EXERCISE GOAL:
Repeat each line of the data below exactly, but skip the pictures.

DATASET EXCERPT:
----------------------------------------
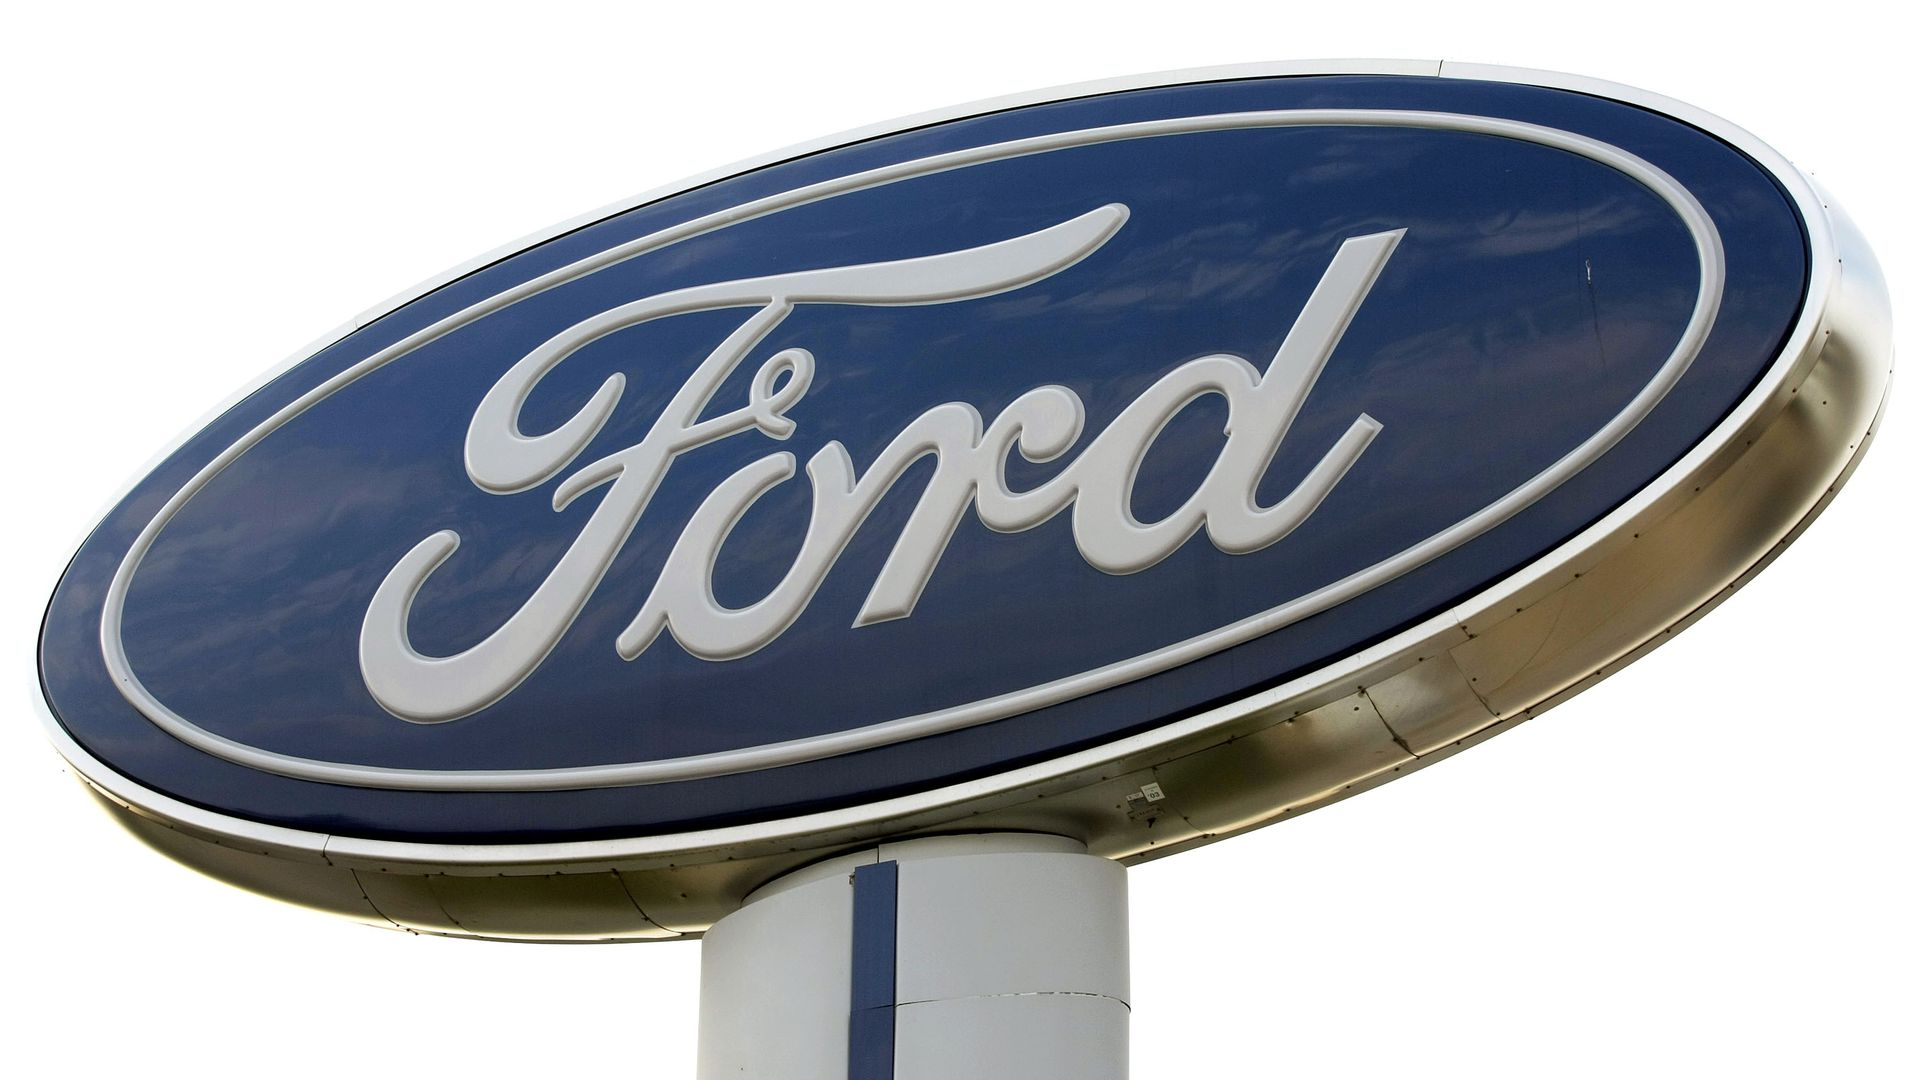 A Ford logo.
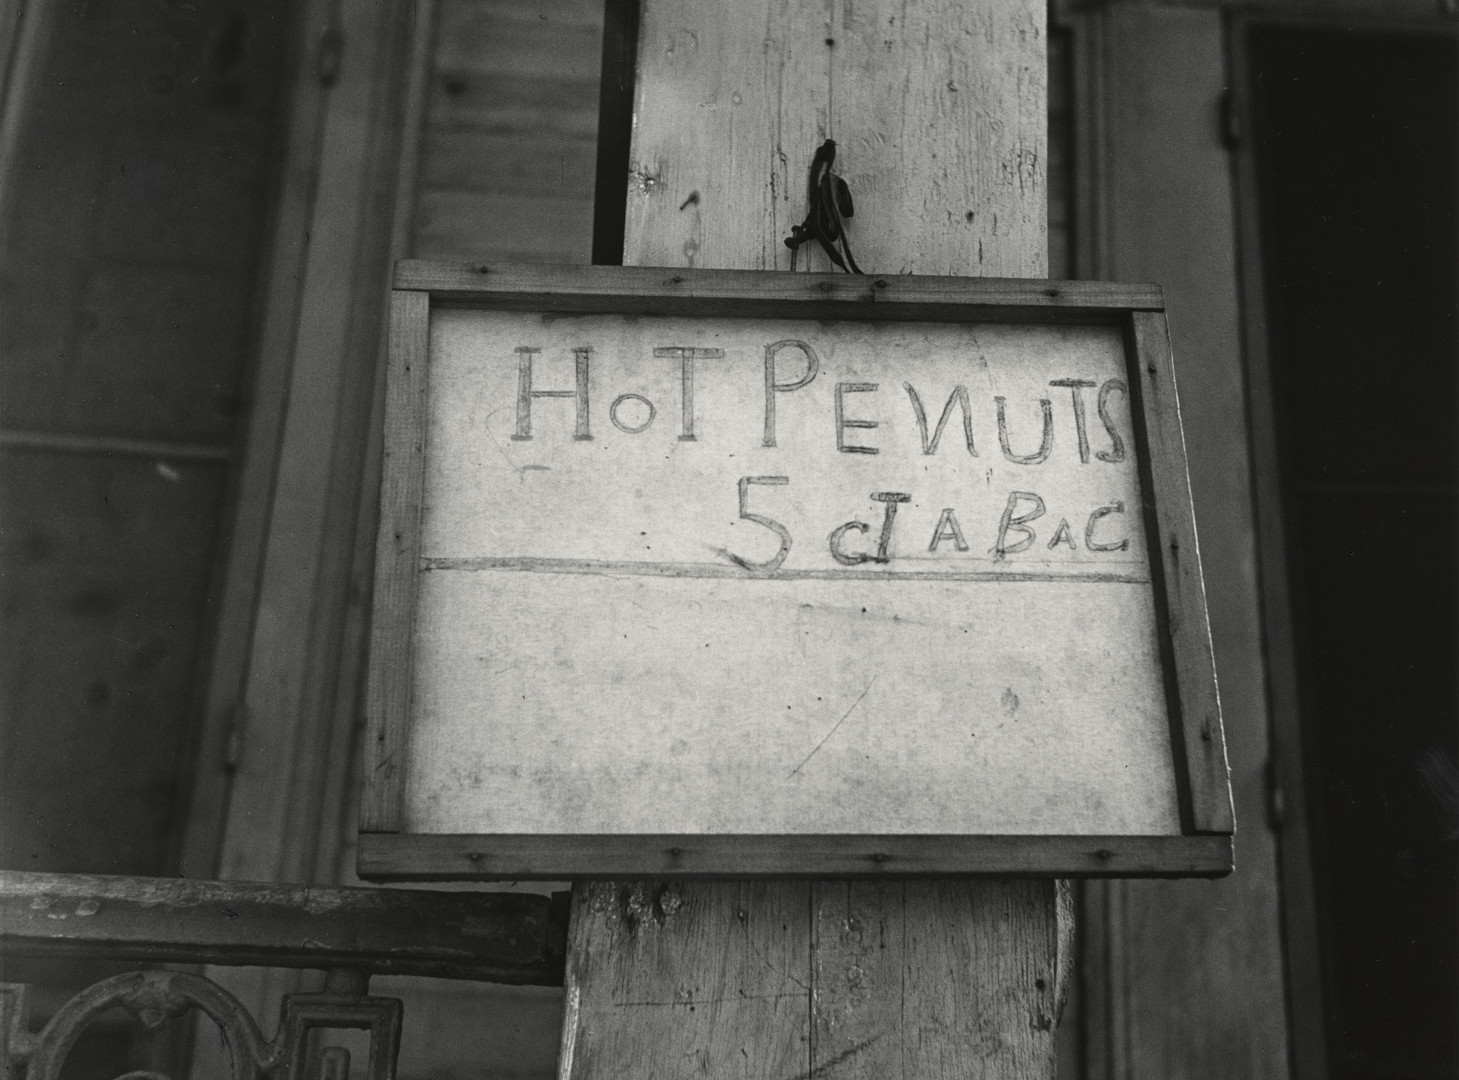 Irving Penn, (Wall Sign) Hot Penuts, American South, 1941
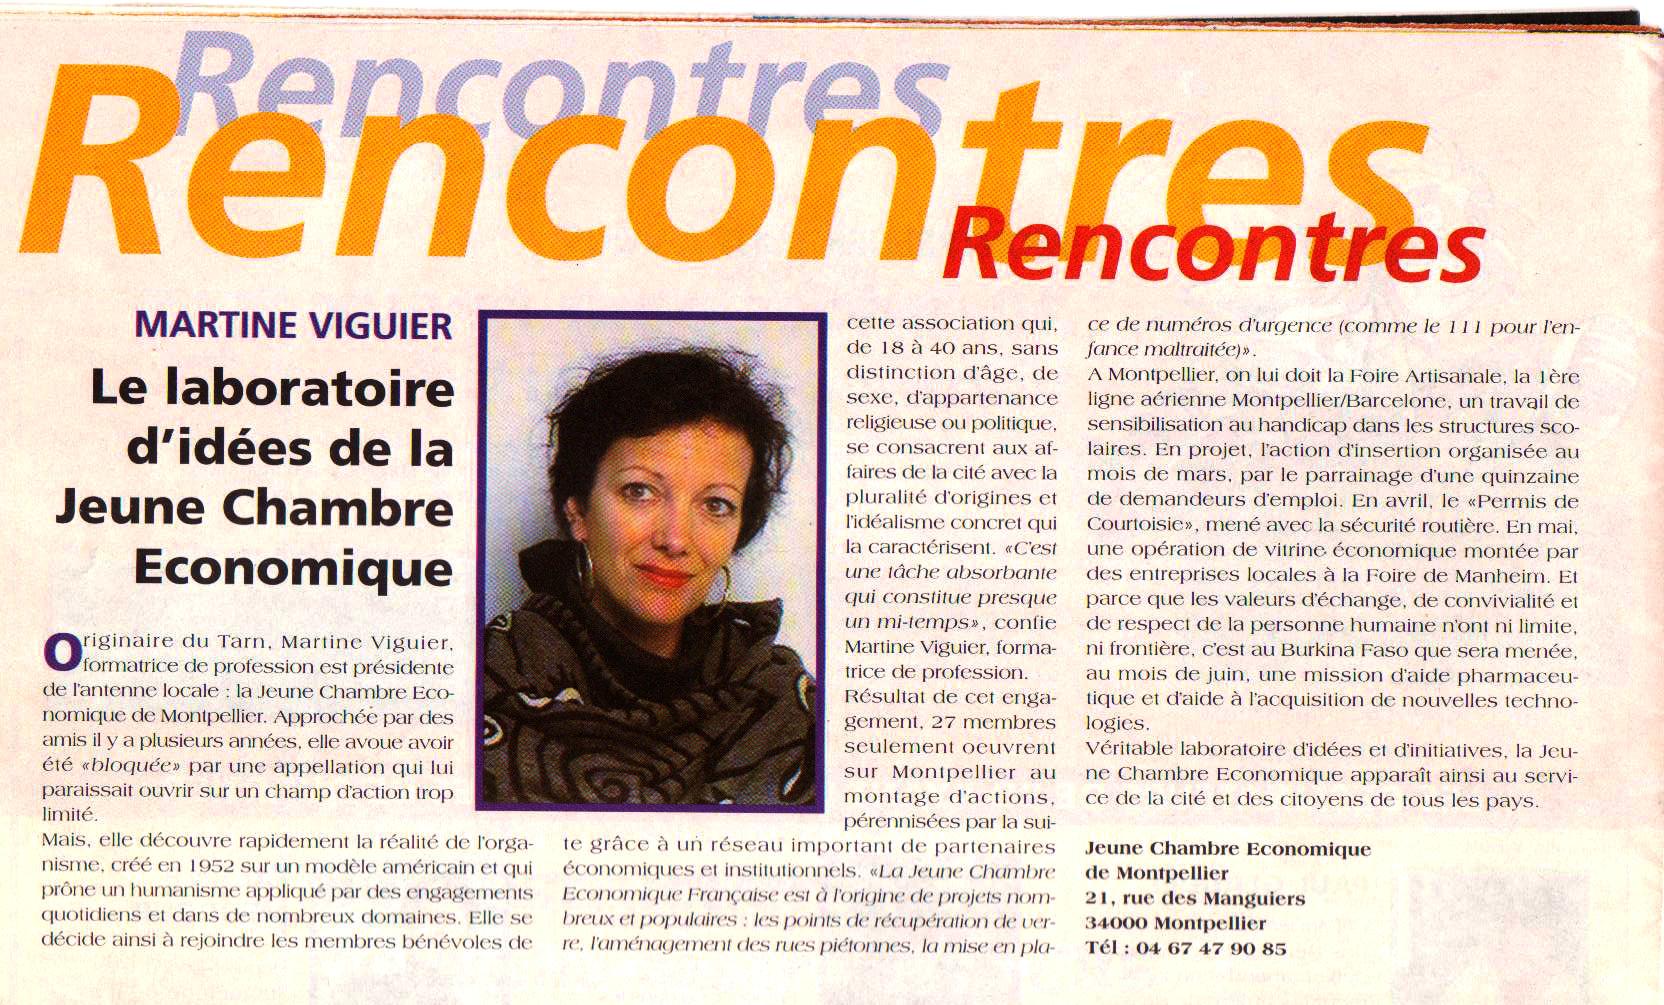 Montpellier Notre Ville, n°204, mars 1997
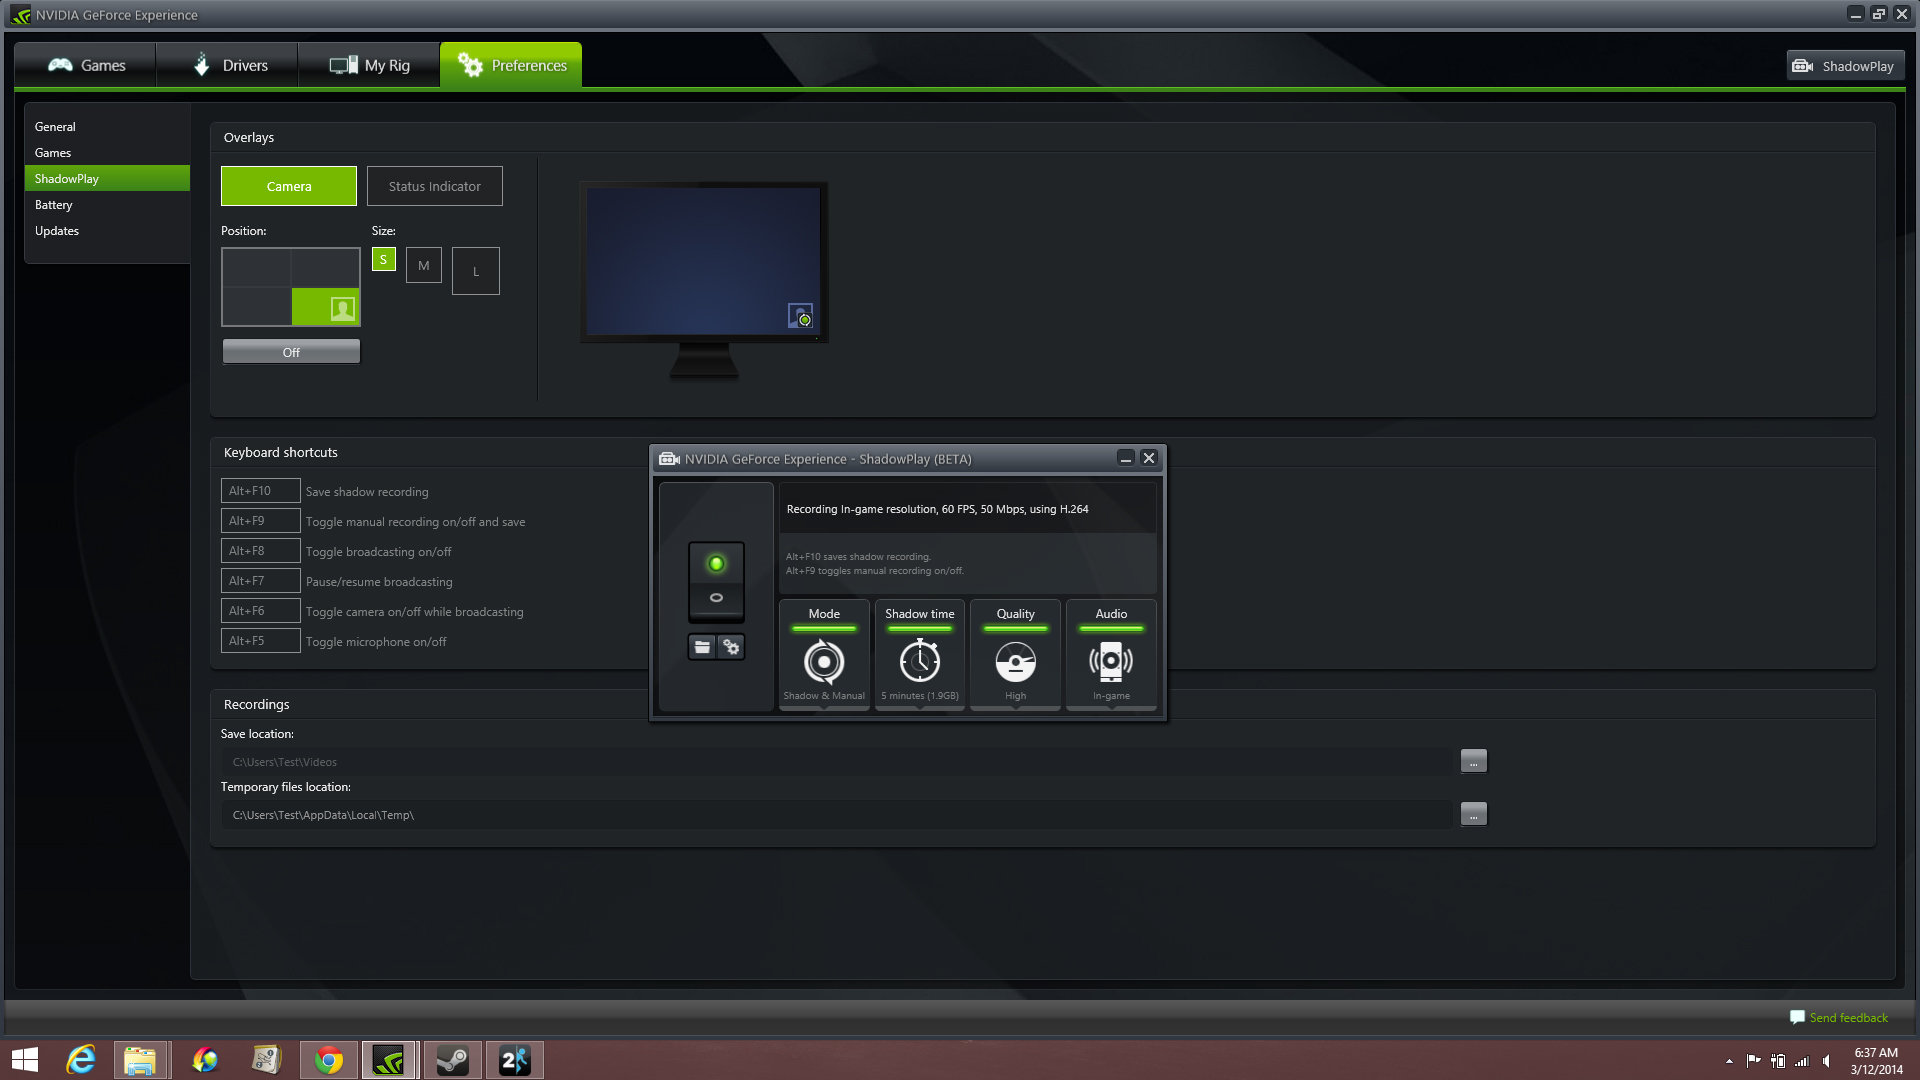 ShadowPlay, Nvidia's game-recording/broadcasting tool
----------------------------------------
RESULT FOR THIS TASK:
 A Ford logo.
 Irving Penn, (Wall Sign) Hot Penuts, American South, 1941
 Montpellier Notre Ville, n°204, mars 1997
 ShadowPlay, Nvidia's game-recording/broadcasting tool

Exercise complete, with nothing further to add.